There are very few binary formats it's not possible to match right now (other than ones based in containers, which have their own signatures in any case). However, there are a lot of signatures which amount to horrible hacks, to work around the limitations of earlier DROIDs. There are quite a lot of signatures which do more work than they need to, and are much less clear than they could be, as the DROID syntax can't curently handle quite standard features of normal regular expressions (for example, the absence of optionality). Bringing them closer to standard Java regular expressions would be one way to do this (if they are not replaced by them!).

You are right to say that the big gaps in DROID identification are indeed around text formats, not binary signatures. There's a whole proposal (including some detailed text heuristics I developed) on the DROID 7 wiki about this. In my (not so!) humble opinion, reg ex is simply not the way to go for text format identification - but that's a whole different discussion I'd be happy to have elsewhere, as I think we've drifted significantly from the point of this thread!

andy jackson's picture

Sorry, I didn't mean to imply that RegEx would be suitable for attacking the text identification problem. It is possible to make some headway like that, but regular languages cannot be used to parse HTML and other higher-order formal languages properly. I've noted some ideas on this in the DROID7 wiki.

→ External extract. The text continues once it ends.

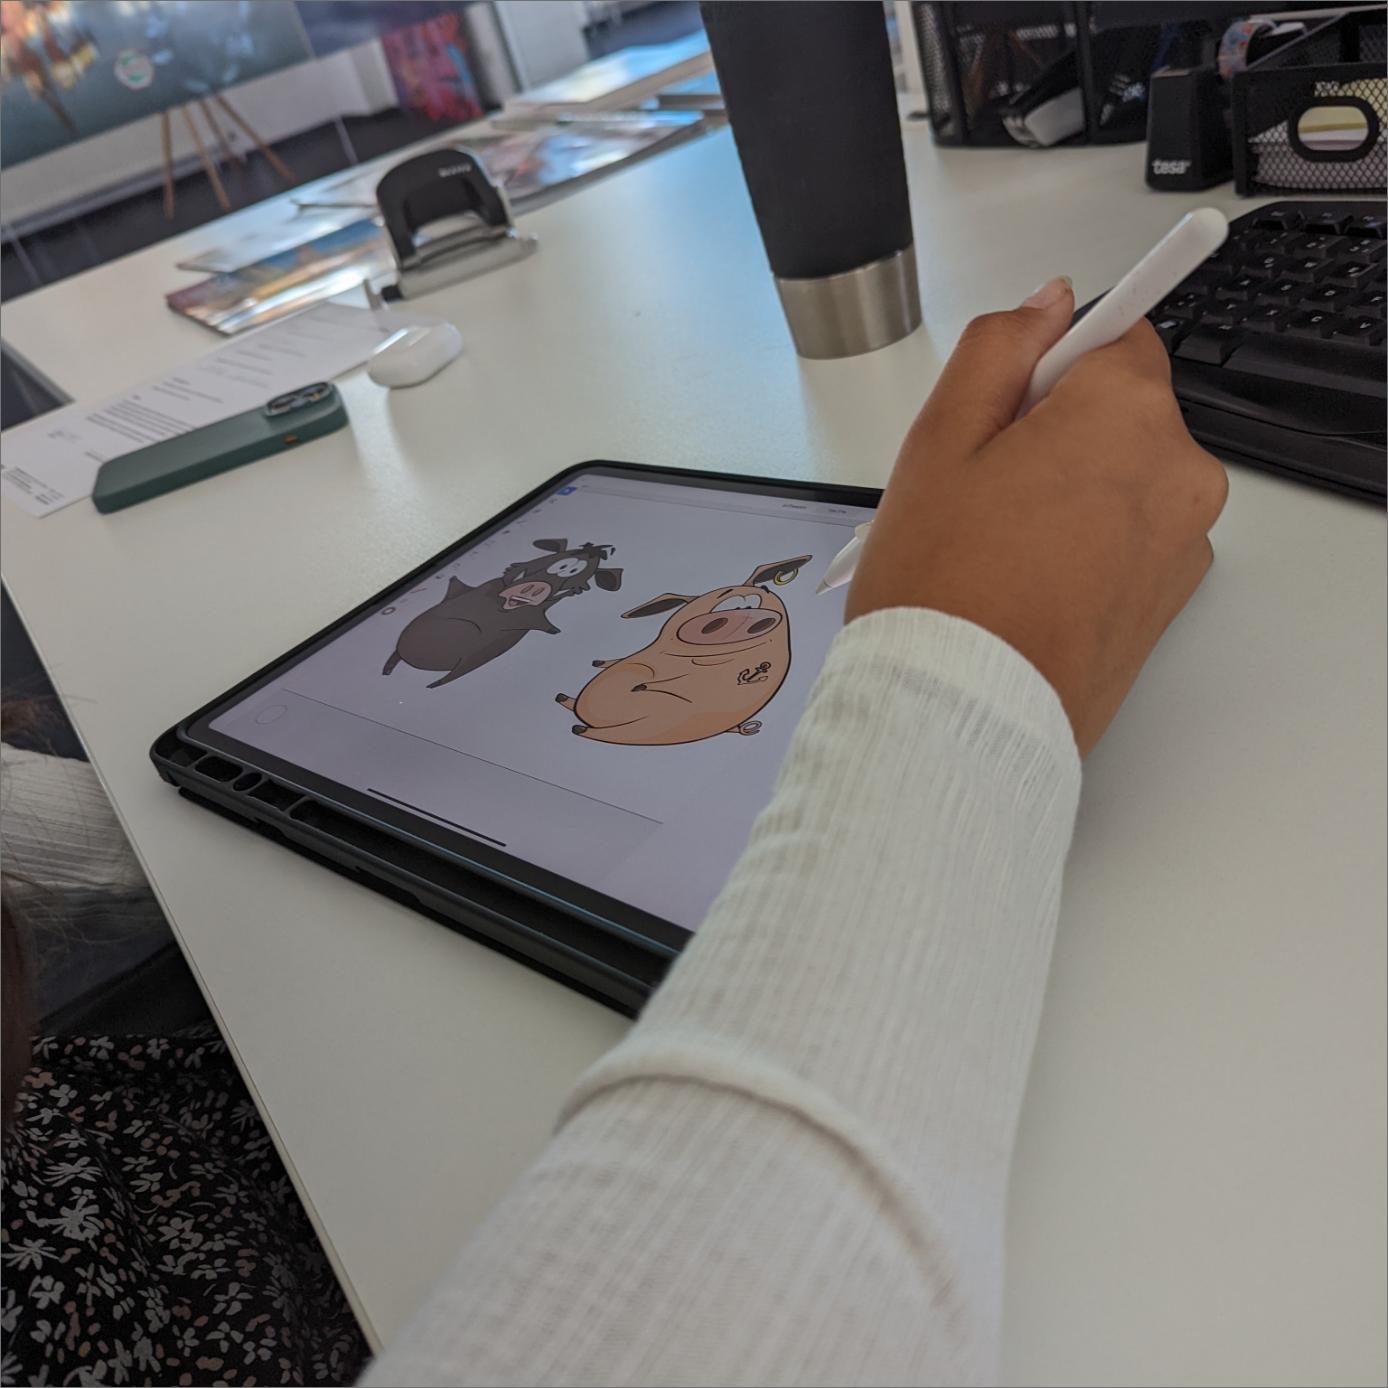 Detailausschnitt der Hand beim Zeichnen mit einem Wildschwein und Schwein auf dem Tablet

I did a lot of signature analysis and profiling during DROID 5 and 6 development. Any DROID signature with more than one sub-sequence involves the equivalent of a .* expression for those sub-sequences. This is a very high proportion of them. Now, some of them find the next subsequence fairly quickly - but many of them actually do a lot of scanning.

Put it this way, when profiling DROID, the majority of its identification time is spent in the Boyer Moore Horpsool algorithm scanning along byte streams. So for me, the performance issue is already a known factor - there is a lot of scanning to find the next matching subsequence of a signature.

I'm looking forward to any other experimental data that might appear.

andy jackson's picture

Okay, fair enough. I don't quite understand how B-M-H is helping here, given that you are having to scan the bytes anyway, which suggests I/O is the limiting factor, but I'm happy to be wrong about that.

I didn't really mean to get so distracted by the performance issues. My only point is really that I'm willing to accept a reasonably signficant speed and even expressivity loss if we can permit the use of a more widely adopted signature language. Of course, you and the TNA are free to disagree with me!

Well, BMH helps precisely by *not* having to examine all the bytes - it's a sub-linear search algorithm which skips over bytes that can't match, without examining them at all. Of course, they still have to be read into a byte buffer, but you don't have to actually process all of them any further!

But I'm largely in agreement with you - I would also sacrifice performance if it meant making signatures easier to work with and more sustainable. I don't know what TNA thinks, as I don't work there anymore!

andy jackson's picture

Sorry about that - I didn't mean to imply that you work at TNA. Should have stuck to a more general 'YMMV'.